Police & Fire

Dash cams delayed after Penobscot sheriff ‘grossly underestimated’ work involved

By Marie Weidmayer, Bangor Daily News Staff

Dashboard cameras are installed in almost all Penobscot County Sheriff’s Office cruisers, but it may be months until they are turned on.

The sheriff’s office bought dashboard and body-worn cameras for 36 patrol officers in early 2024. The cost of the equipment and installation is expected to total $500,000, Sheriff Troy Morton said during a Penobscot County Commissioners meeting on Tuesday, May 7.

However, the sheriff’s office may need to spend more money before it can turn the cameras on after realizing it “grossly underestimated” the amount of time and work to process the videos the cameras produce. 

Now, the cameras may not be turned on until January.

Police departments across the nation have started using cameras amid growing scrutiny of police in recent years, as the footage can be used as evidence in court and during internal police investigations. But departments are not always prepared for the amount of footage the cameras produce. 

The sheriff’s office said it will need a dedicated person to respond to requests for footage from lawyers and Freedom of Access Act requests.

“The one thing that we absolutely underestimated is the amount of work that it’s going to take to manage the system,” Morton said.

The Penobscot County Sheriff’s Office has been working to implement the cameras since at least November 2022, when it said deputies would start using body and dashboard cameras by the end of 2023.

The sheriff’s office previously spoke with other police departments about their experiences with managing the footage, but those agencies had fewer officers or did not have both body and dashboard cameras, Morton said. 

When the Bangor Police Department first launched its cameras in 2021 it did not have a person dedicated to managing the footage, Sgt. Jason McAmbley said. Now the evidence room property manager handles the videos. 

A few Penobscot County dashboard cameras were turned on for testing during the installation process but none have been turned on in the field, Morton told the Bangor Daily News on May 8. The body cameras have not been installed.

Twenty-six of the 36 cameras are installed in cruisers, with the rest expected to be installed this week, Lt.
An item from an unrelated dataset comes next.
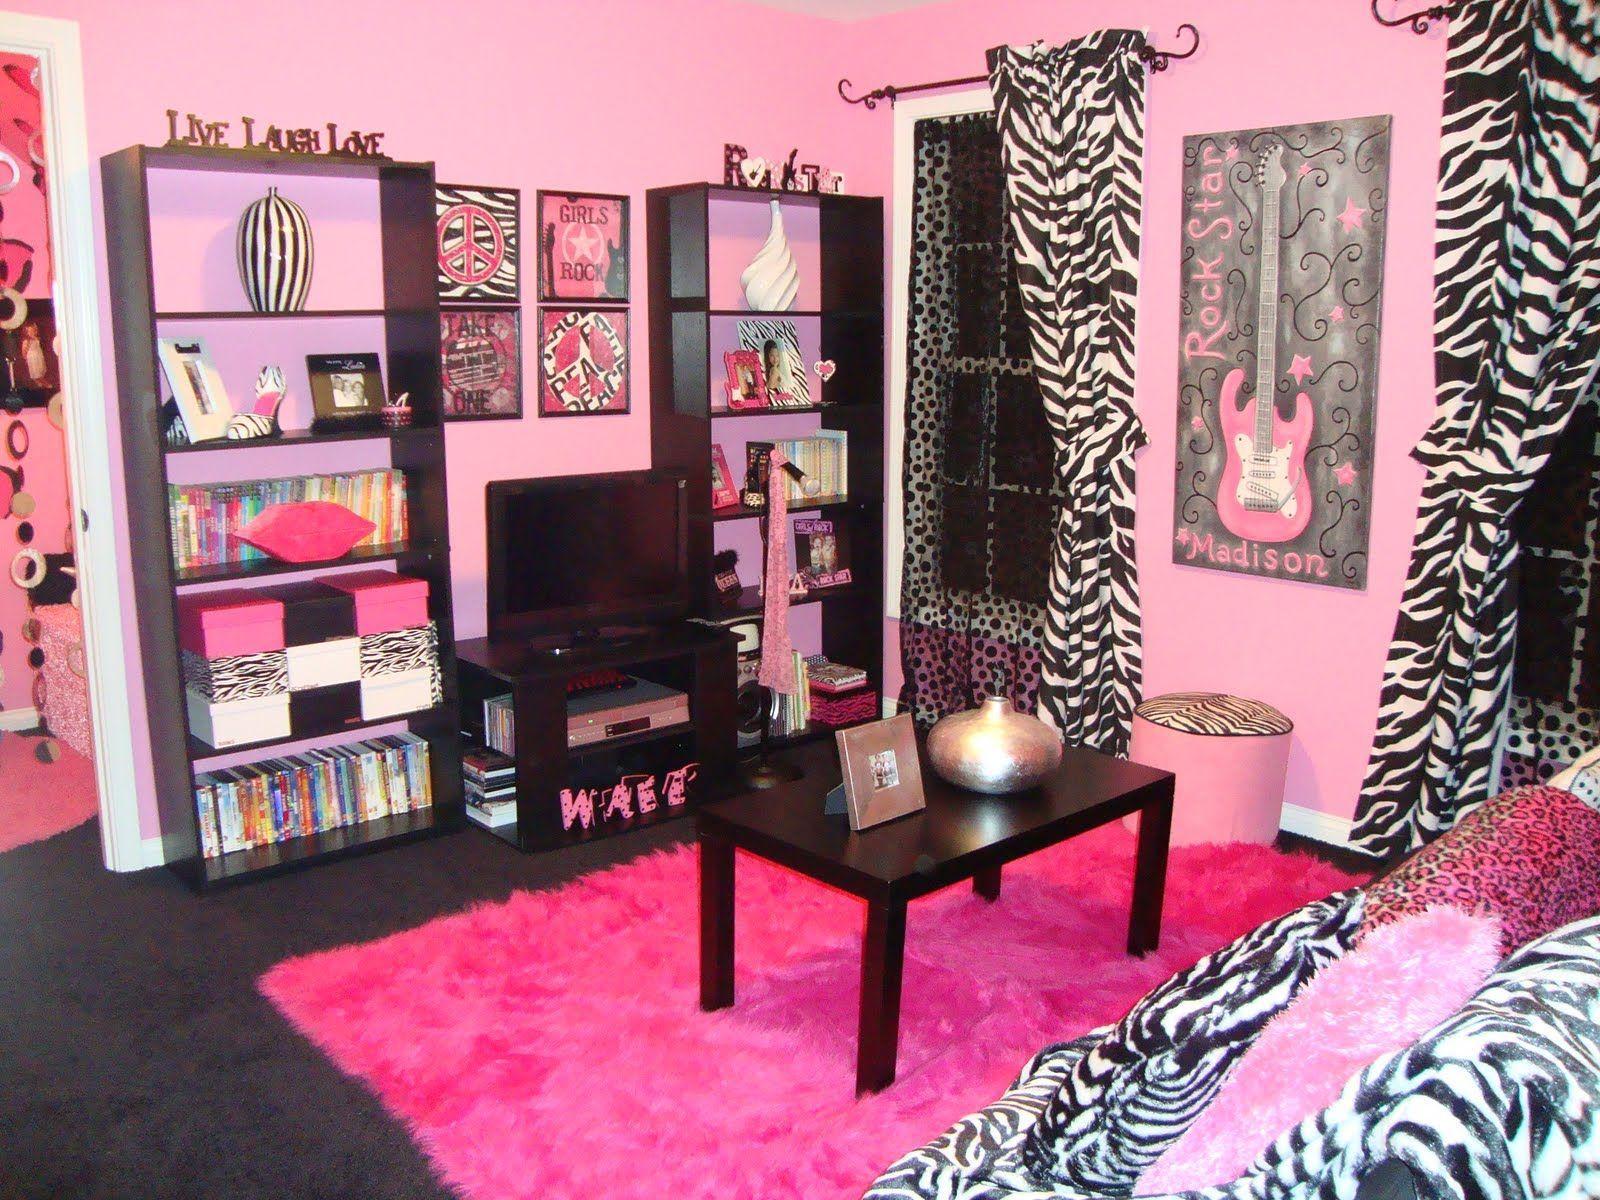 Living Ideas Bedroom Carpet Stool Pink Curns Charming Light Light Pink Bedroom Carpet Carpet Vidalondon Champagne Bedroom Woman Bedroom Small Room Bedroom

Keith Hotaling said at the May 7 meeting.

“I think it’s an incredibly important tool,” Morton said at the meeting. “We’ve spent half a million dollars to put it in place. It’s going to take something to get it going.”

The sheriff’s office has a five-year contract with Motorola. Part of that includes artificial intelligence that will help redact and prepare files for distribution, such as blocking juveniles so minors cannot be seen in released footage.

The sheriff’s office does not have the staff needed to manage the system and a new hire is not in the budget for 2024. The county’s budget follows the calendar year.

Commissioner Andre Cushing said the board will discuss finding the budget for the position this summer, but it could not commit to the funding this year because of budget constraints. 

“My position is we made the decision that we wanted to go forward, this was important,” Cushing said. “I think we need to look at what the impact is, staffing.”

The commission is open to preparing for next year so the cameras are ready to go in January, Cushing said.